What you are asked to do>
Please write out the full listing beneath this line exactly, skipping its images.

Data extract>
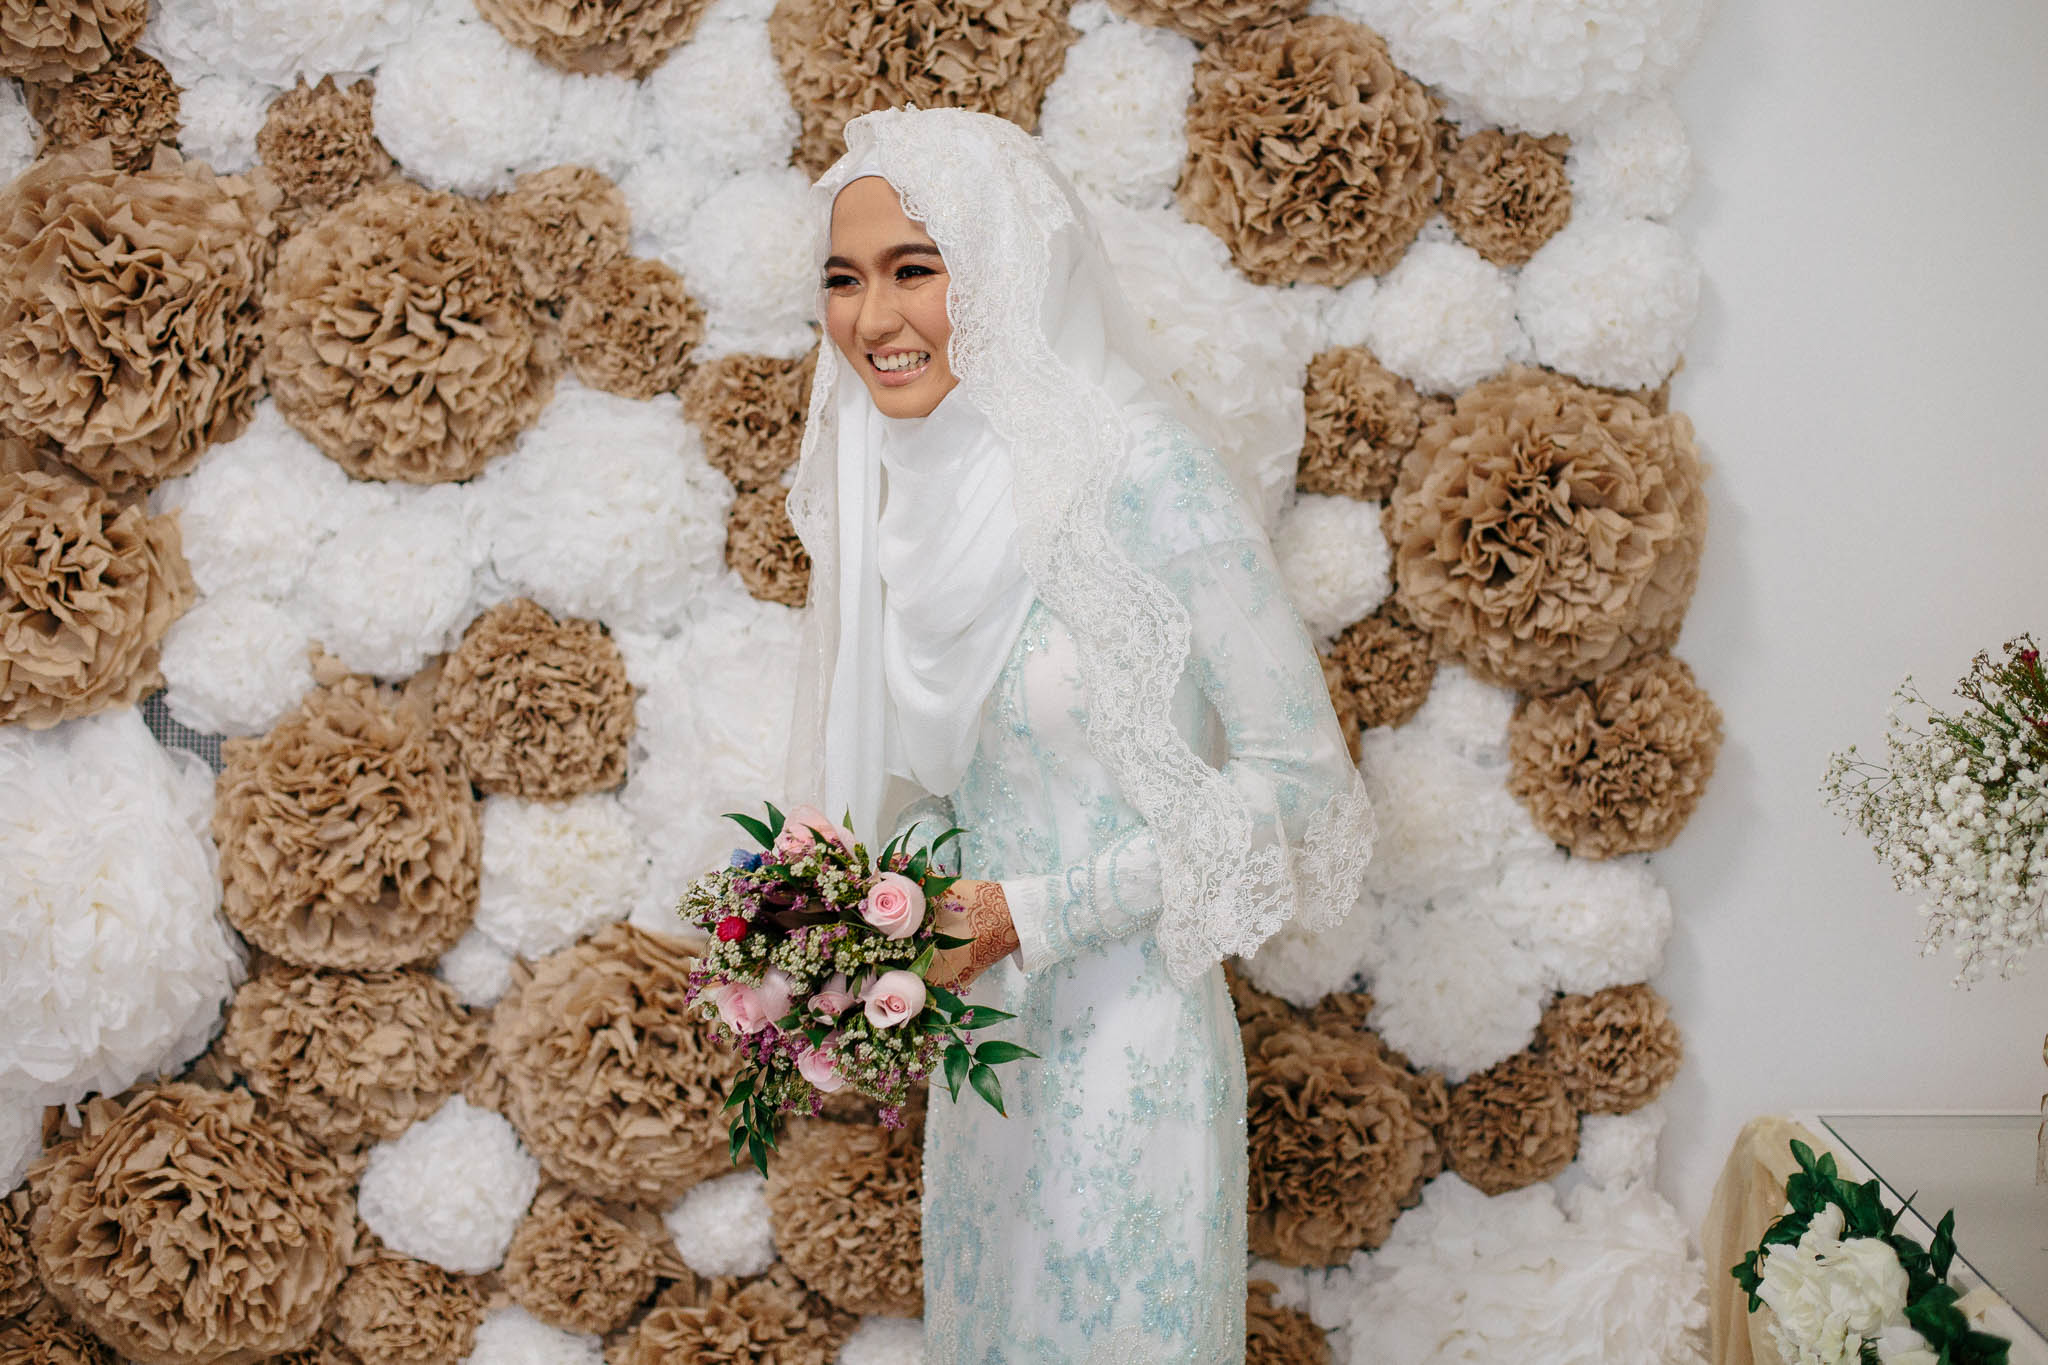 singapore-wedding-photographer-sharalyn-syazwan-007.jpg
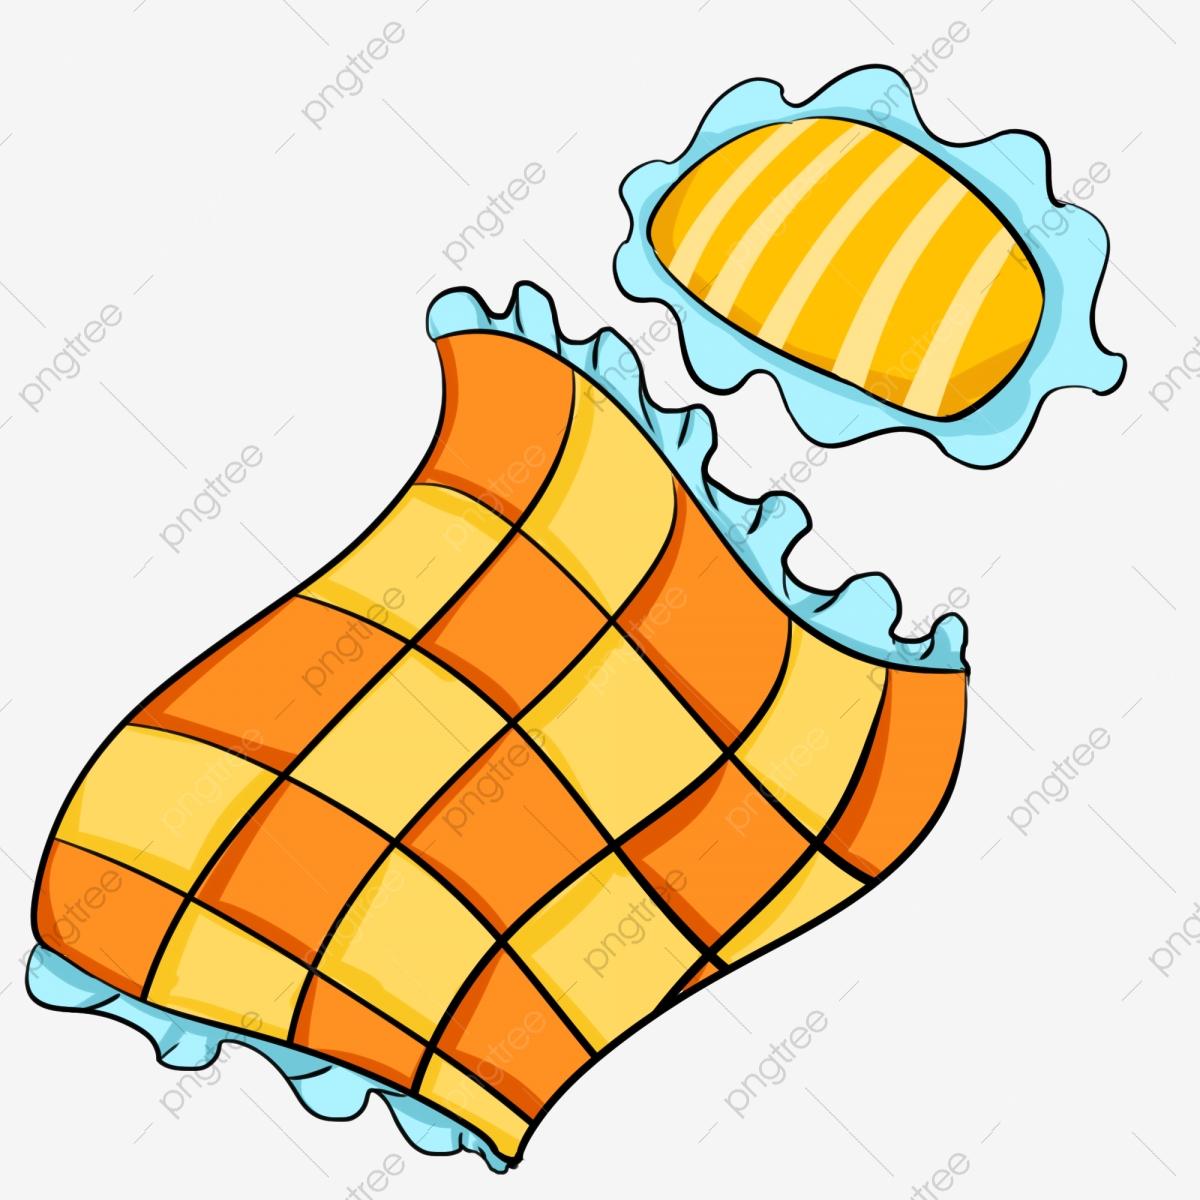 Quilt clipart orange. Yellow checkered beautiful plaid
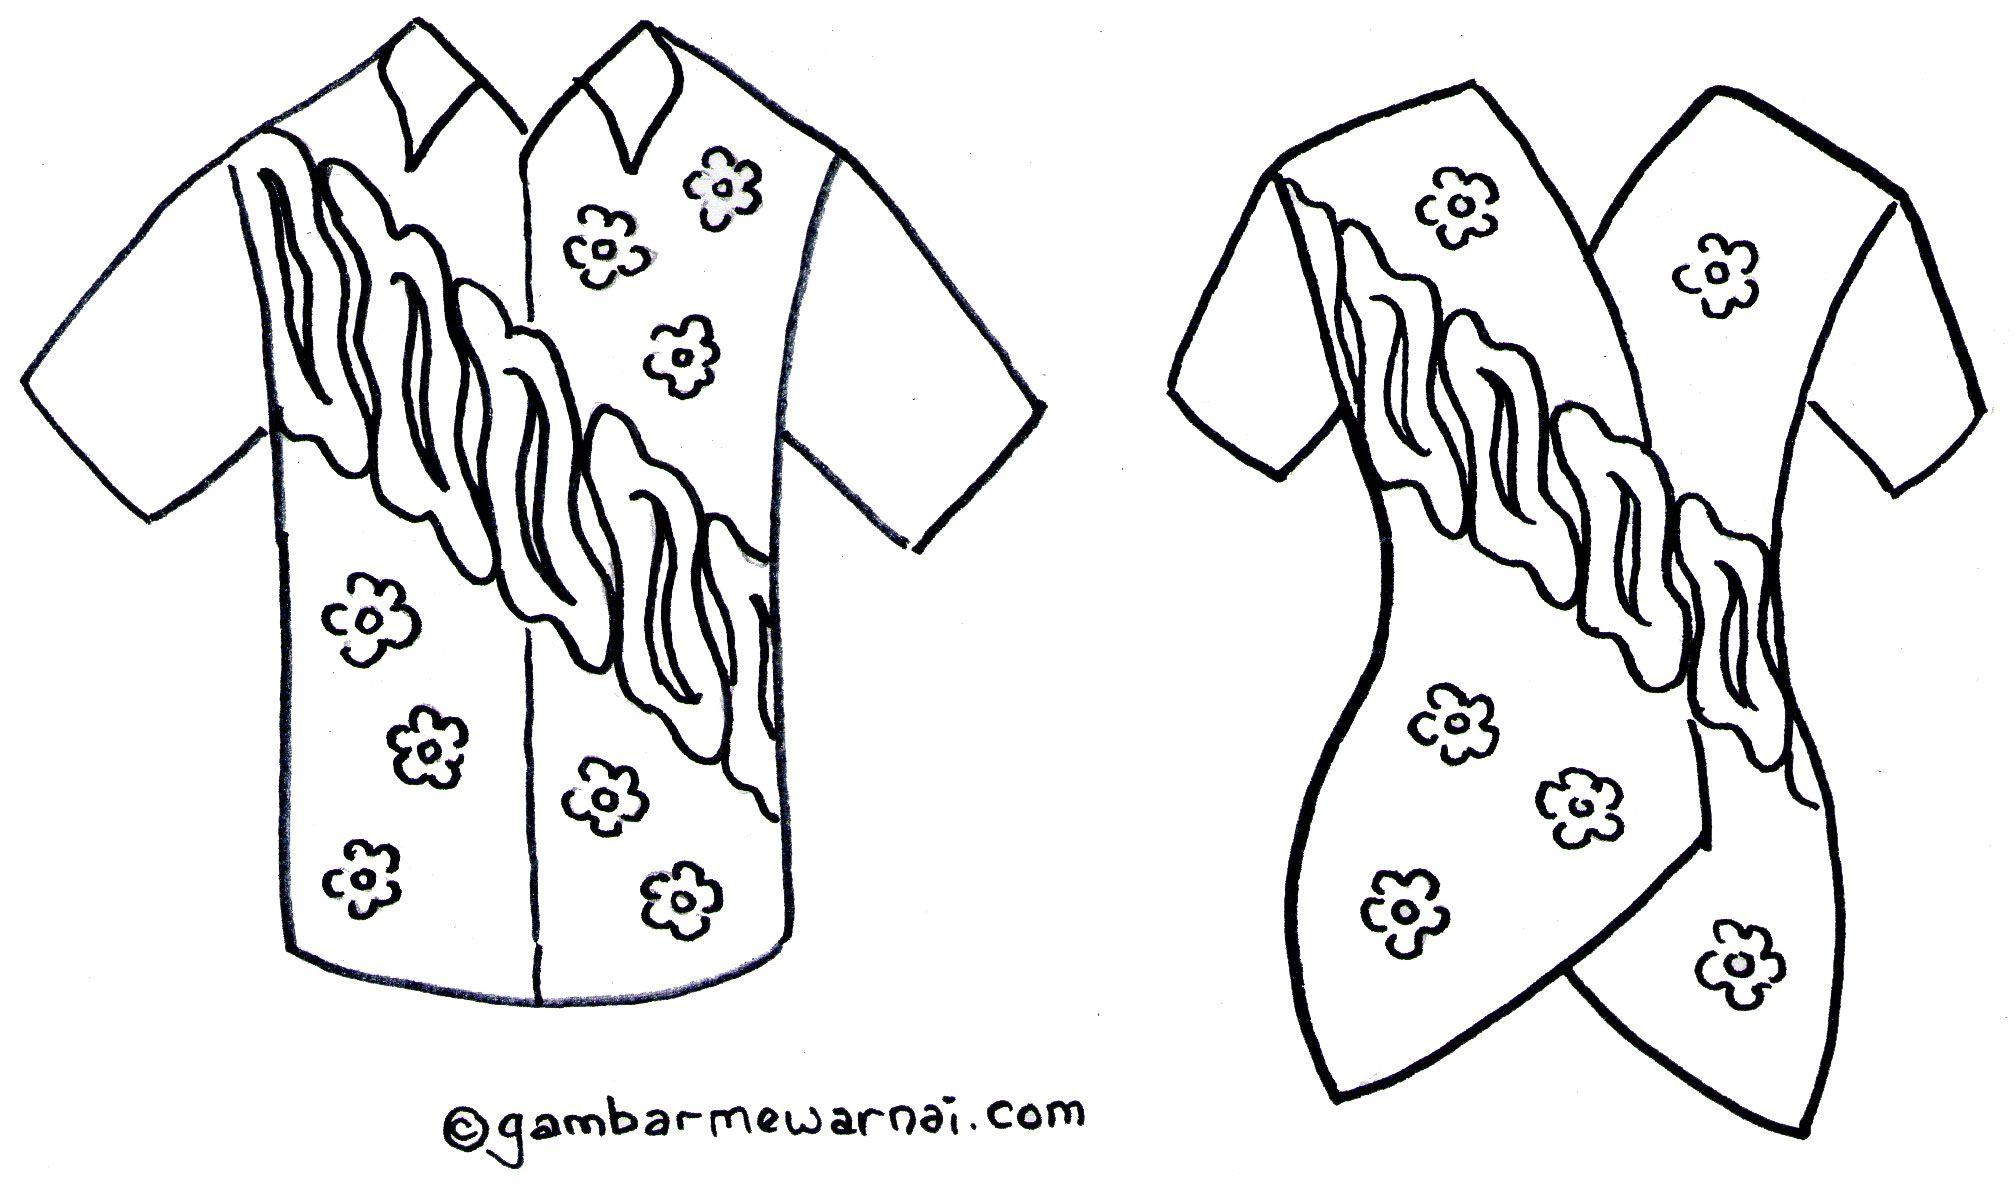 Gambar Mewarnai Baju

Answer to the problem>
 singapore-wedding-photographer-sharalyn-syazwan-007.jpg
 Quilt clipart orange. Yellow checkered beautiful plaid
 Gambar Mewarnai Baju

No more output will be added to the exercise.